Aqui no Brasil, no caso de se utilizar uma infraestrutura em nuvem originada de um provedor de serviços é fundamental impor todas as exigências legais ou regulamentadoras aplicáveis à empresa e a seu fornecedor também. É uma responsabilidade do contratante e não do provedor. Tomando as normas do HIPAA como um exemplo, subcontratantes que empregam (por exemplo, um provedor de serviços de nuvem) devem ter uma cláusula no contrato que estipula que o provedor irá usar controles de segurança razoável e também cumprir com quaisquer disposições de privacidade de dados.

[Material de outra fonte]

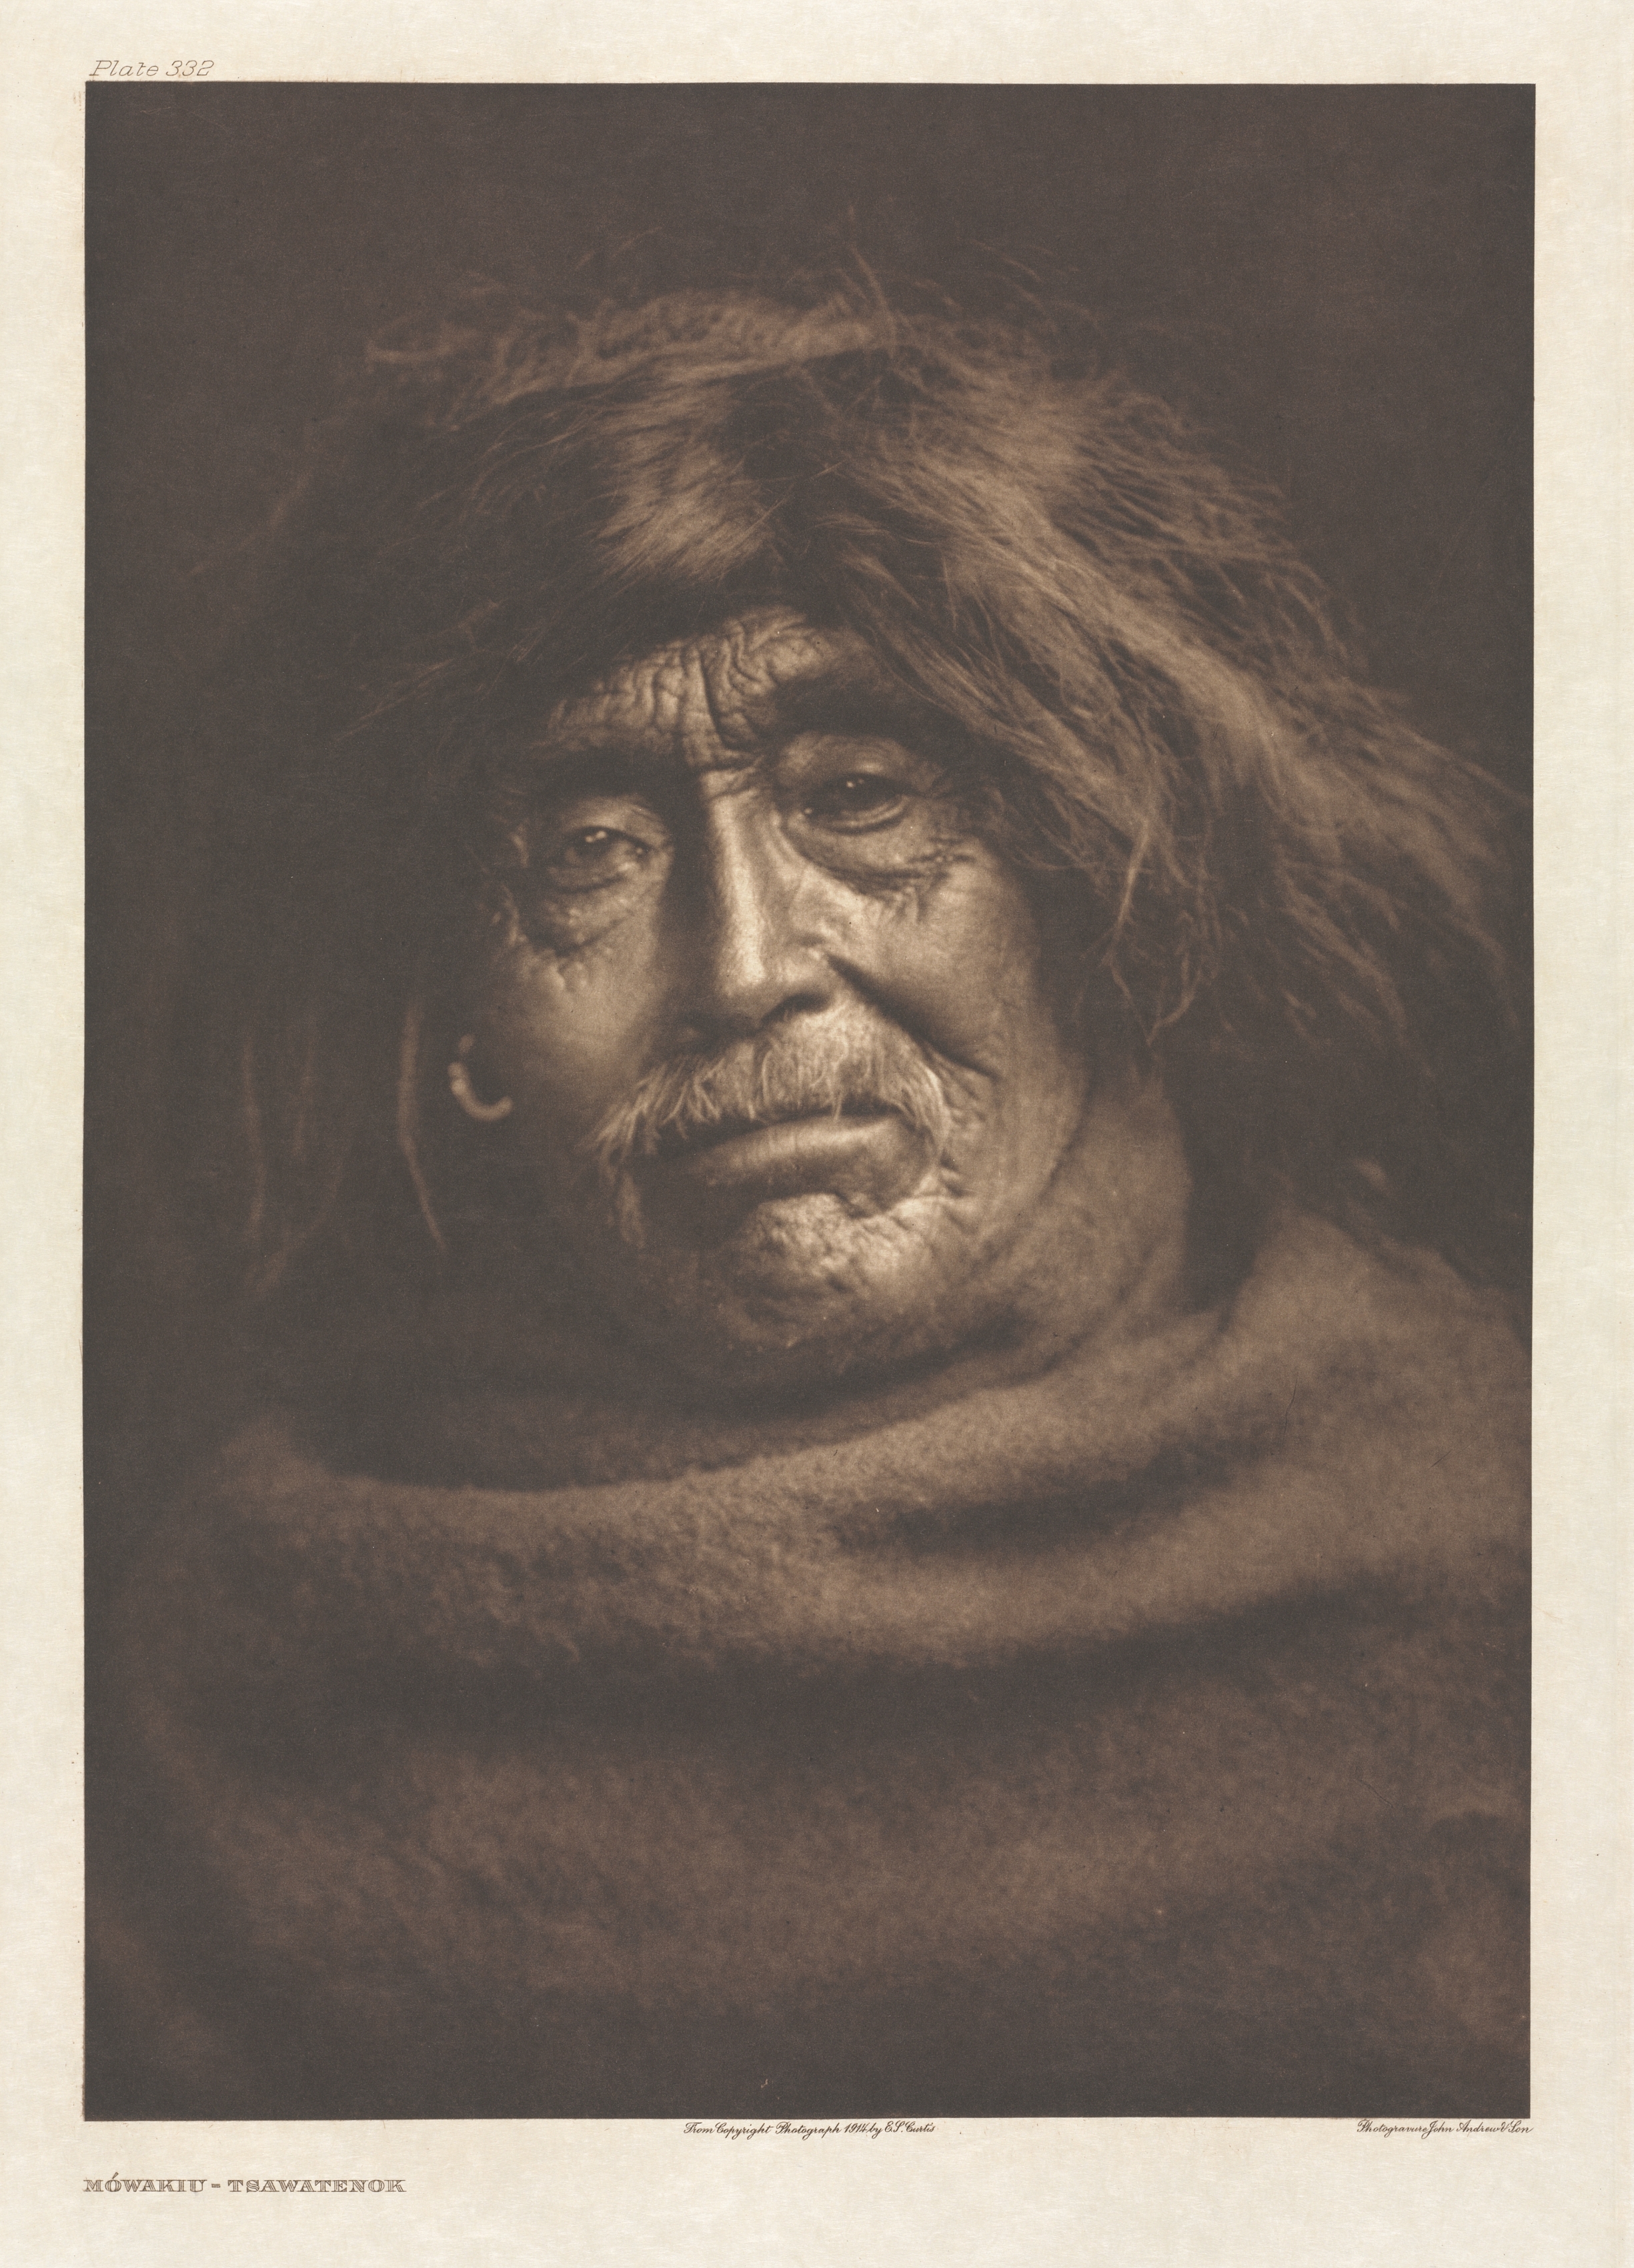 Portfolio X, Plate 332: Mówakiu - Tsawatenok

Outras medidas caberiam nesse caso. Sem entrar no mérito jurídico, dois exemplos importantes, são a inclusão do Brasil na Convenção de Budapeste, que estabelece colaboração entre os países para a entrega de logs (registros eletrônicos) e a realização de campanhas de conscientização sobre as vulnerabilidades da cloud.

Que a computação em nuvem é uma realidade e muito necessária para nosso dia-a-dia, não há mais como negar. No Brasil e no mundo, novas tecnologias surgem, muitas vezes, sem a mesma velocidade do ordenamento jurídico e da capacidade técnica. Resta-nos adaptarmos e nos protegermos da melhor forma possível. Não existe solução simples. Achar um meio termo entre privacidade, segurança, alta disponibilidade de dados e custos razoáveis é o grande desafio. Devemos estar preparados!

[1] Mais em: https://www.gov.uk/data-protection/the-data-protection-act e http://www.informationshield.com/usprivacylaws.html

[2] Mais em: http://www.hhs.gov/ocr/privacy/

[[i]] TAURION, Cezar. Cloud Computing: computação em nuvem – transformando o mundo da tecnologia da informação. Rio de Janeiro: Brasport, 2009, p. 2.